Incialmente consideraba que la conversión del alma era un momento puntual en el que la mirada del alma se fijaba en Dios… más bien diría yo, inicialmente, descubre a Dios, y cautivada por Su luz, la vida cambia su aspecto por completo, se comprende el amor, se entiende -profundamente en tu interior y en  un conocimiento espiritual- que Dios es Amor….  Pero eso es sólo el primer paso, es la entrada a nuestra fortaleza espiritual, el hallazgo de un mundo interior fascinante, más vital e intenso que la propia vida… porque es la vida misma en su mejor cualidad lo que descubres al alcanzar el plano espiritual. Pero insisto, este descubrimiento es sólo el primer paso. Lo que queda por delante es mucho más que ese emotivo e intenso primer atisbo… ¡Has de conquistar tu alma!, y eso supone avanzar y vencer múltiples obstáculos… sólo cuando llegas al bastión central, el alma podrá ser completamente entregada a Dios… y es sólo entonces cuando  la conversión se ha completado.

¡Qué fácil es perderse por ese camino! Podemos recordar momentos en nuestra vida donde tal vez hayamos experimentado la fuerza drástica de ese cambio interior… podemos decir que descubrimos algo en nuestro interior que nos cautivó poderosamente, hallamos la esencia espiritual del alma y conmovidos nos acercamos a Dios… pero… ¿esa luz se apagó con el tiempo?… ¿volvió la oscuridad y regresaron los pesares y la monótona rutina de altibajos y desánimos?… es posible que la conversión no cristalizara y estás a mitad de trayecto… tal vez en el camino te desorientaste, tal vez faltó humildad… seguramente querías hacer el viaje como a ti te gustaría que fuera, con tus normas y tus creencias particulares… Siento decirte que el camino de Dios es un sendero estrecho y angosto, donde sin humildad no darás un paso siquiera en la dirección correcta… si quieres que los designios de Dios se adapten a tu particular idiosincrasia no llegarás mucho más allá.  Estás desperdiciando la gracia que Dios te concedió si menosprecias sus Sacramentos. En esos casos quizás la lectura de este blog te pueda echar un cabo para recuperar el sendero en donde te extraviaste…. ojalá.

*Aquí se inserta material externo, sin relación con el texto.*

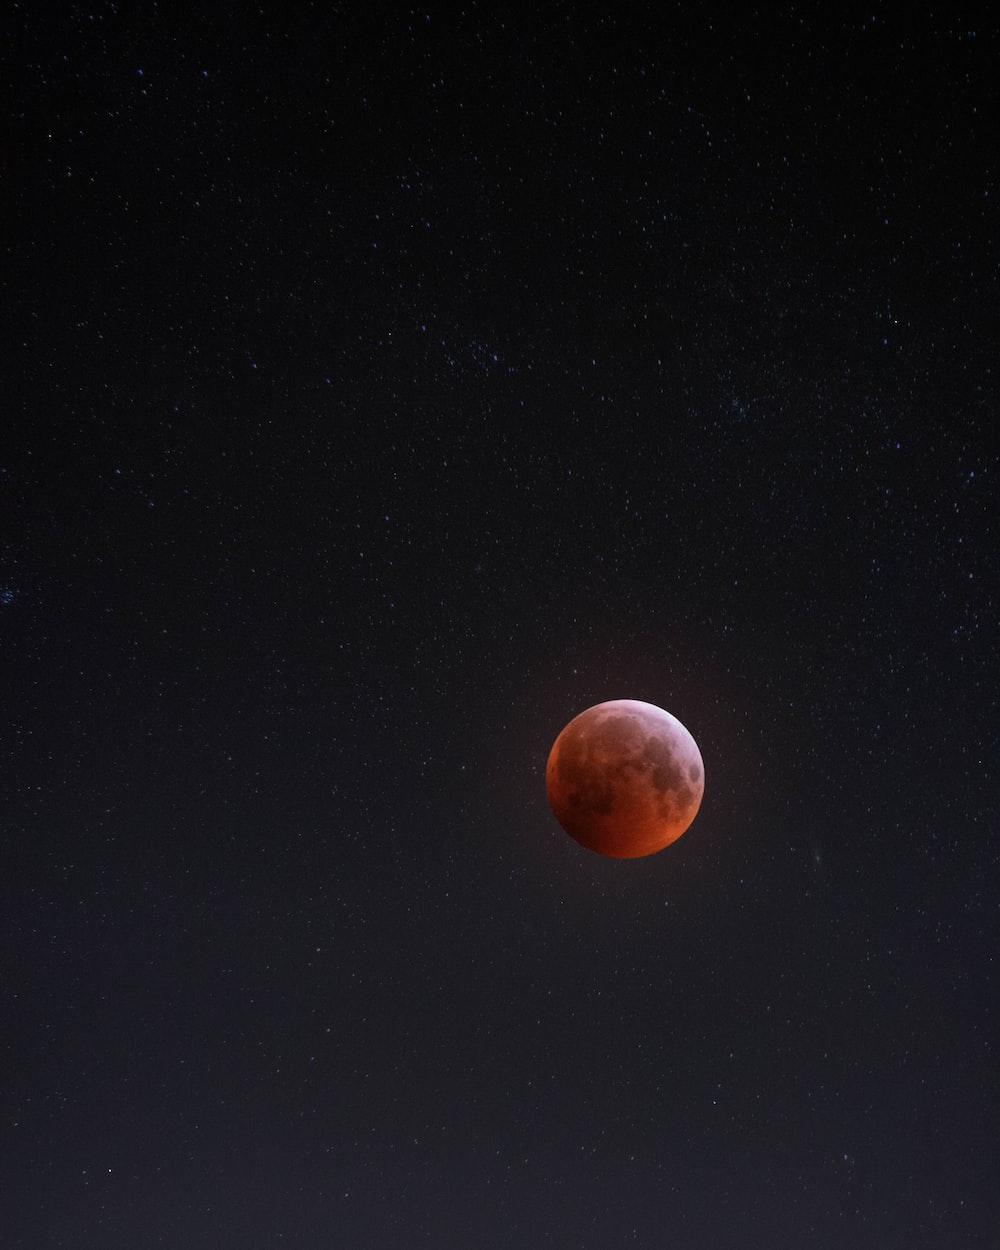 Earth's blood moon
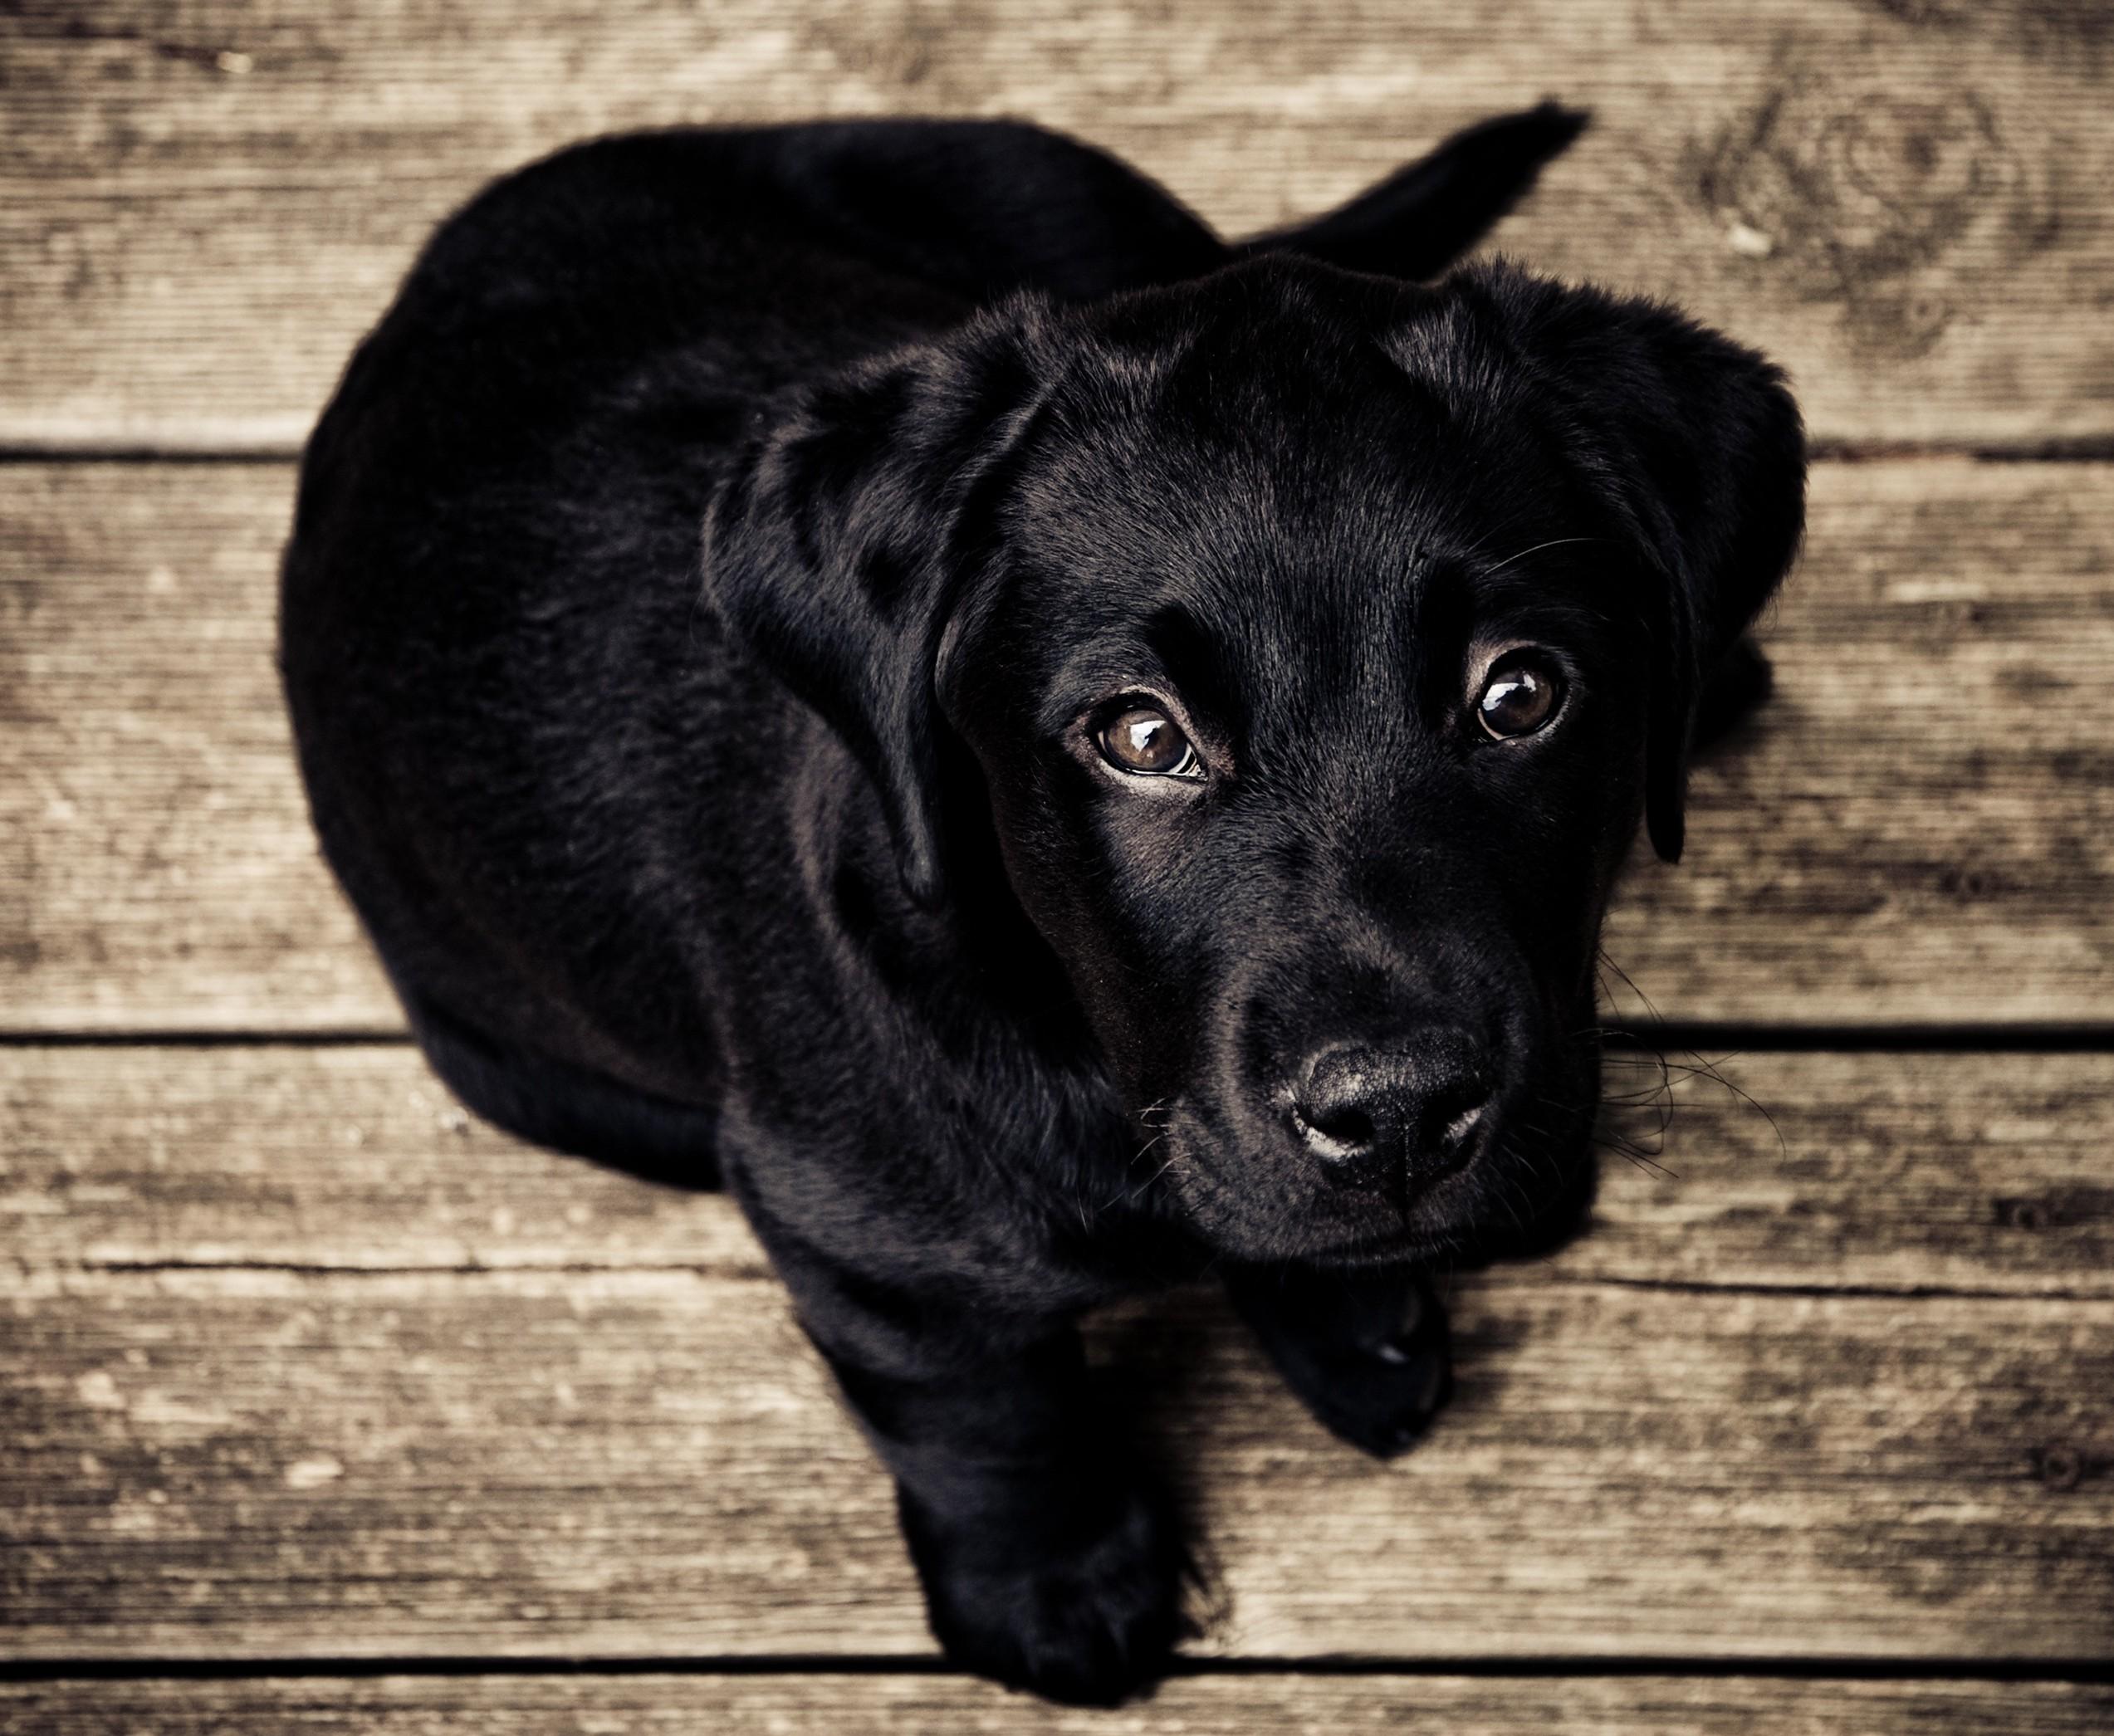 Animal Behaviour - Dog training, puppy training and lifeskills

Pero tal vez la conversión prosperó, y entonces la paz y la plenitud reinan en tu alma como un síntoma de esa unión sin fisuras con lo divino.

Y… ¿qué es la conversión?

¡Cómo explicarlo! Es la cara y la cruz del alma. Es una forma de ver la vida y su contraria, es el blanco y el negro, es una lámpara encendida o apagada, es la vida de espíritu o el materialismo, es el amor o el egoísmo, son los demás y la riqueza de una vida volcada en el prójimo o eres tú encerrado en una estrecha y asfixiante prisión, es Dios o es la nada, es explicar como son los colores a un ciego, es vivir o no vivir, es dar gracias por todo lo que vives, bueno y malo, en cada instante… o seguir pasando los días  esperando a algo mejor que llegará en algún momento del futuro, es descubrir un paisaje deslumbrante o contemplarse el ombligo, es la plenitud y la paz… o su ausencia. La conversión es el descubrimiento del amor, y también de que puedes vivir en amor hacia Dios y hacia los demás cada instante de tu vida en vez de vivir la experiencia vacia y frustrante de buscarte a ti mismo. E insisto, es en cada instante de tu vida, incluso cuando lees estas palabras hay una intención en tu interior… ¡descúbrela! Y la diferencia entre ambas opciones es más que notable, te lo aseguro.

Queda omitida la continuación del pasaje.